Raner C. Collins, Chief United States District Judge

Pending before this Court is Appellant JPMCC 2007-C1 Grasslawn Lodging, LLC’s (“Lender”) appeal of the Bankruptcy Court for the District of Arizona’s holding that 11 U.S.C. § 1111(b) allows a due-on-sale clause to have a ten year exception and that 11 U.S.C. § 1129(a)(10) applies on a “per-plan” basis before confirming the plan. Previously, this Court held that Lender’s contentions were equitably moot. The Ninth Circuit held that Lender’s contentions were not equitably moot then reversed and remanded the case for further proceedings. For the foregoing reasons, this Court holds that 11 U.S.C. § 1111(b) does not require a due-on-sale clause and that 11 U.S.C. § 1129(a)(10) applies on a per-plan basis.

I.

A. Background

In 2007, five related entities acquired the Westin Hilton Head Resort and Spa and the Westin La Paloma Resort and Country Club. The five entities (collectively “Debtors”) were: Transwest Hilton Head Property, LLC, and Transwest Tucson Property, LLC (collectively “Operating Debtors”); Transwest Hilton Head II, LLC, and Transwest Tucson II, LLC (collectively “Mezzanine Debtors”); and Tran-swest Resort Properties, Inc. (“Holding Company Debtor”). The Holding Company Debtor was the sole owner of the Mezzanine Debtors. The Mezzanine Debtors, in turn, were each the sole owners of the Operating Debtors, which owned and operated the respective resorts.

The hotel acquisitions were financed by a $209 million mortgage loan to the Operating Debtors that was secured by liens on the two hotels and a $21.5 million loan to the Mezzanine Debtors secured by liens on the ownership interests in the Operating Debtors.

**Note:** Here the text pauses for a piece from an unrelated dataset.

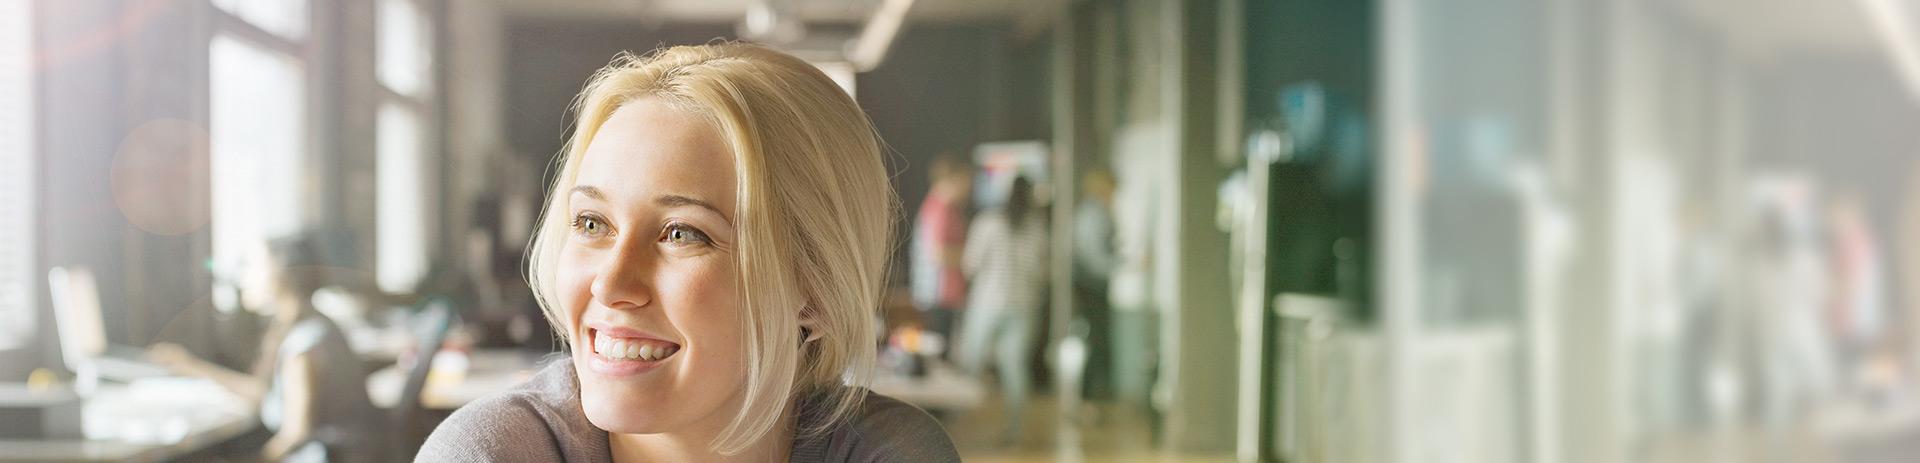 Lächelnde Geschäftsfrau mit Büro im Hintergrund

In 2010, Debtors filed Chapter 11 petitions and the five cases were jointly administered but not substantively consolidated. Lender, who acquired the mortgage loan before Debtors filed for bankruptcy, filed a proof of claim in the bankruptcy proceeding for $209 million. PIM Ashford Subsidiary I LLC, who acquired the mezzanine loan in 2008, filed two proofs of [897]*897claim totaling $39 million. Debtors and Lender stipulated that the value of the two resorts was $92 million.

B. Reorganization Plans

Debtor’s joint plan of reorganization proposed to cancel the Mezzanine Debtors’ equity interest in the Operating Debtors and to dissolve the Mezzanine Debtors. Southwest Value Partners Fund XV, LP (“SWVP”) would then invest no less than $30 million and would also become the sole owner of the Operating Debtors.

Pursuant to 11 U.S.C. § 1111(b)(2), Lender elected to have its entire allowed claim, $247 million, treated as a secured claim. Under the proposed plan, Lender’s loan would be reinstated but the repayment requirements would be restructured. The repayment schedule would be comprised of monthly interest-only payments and then a balloon payment of the remaining loan amount after 21 years.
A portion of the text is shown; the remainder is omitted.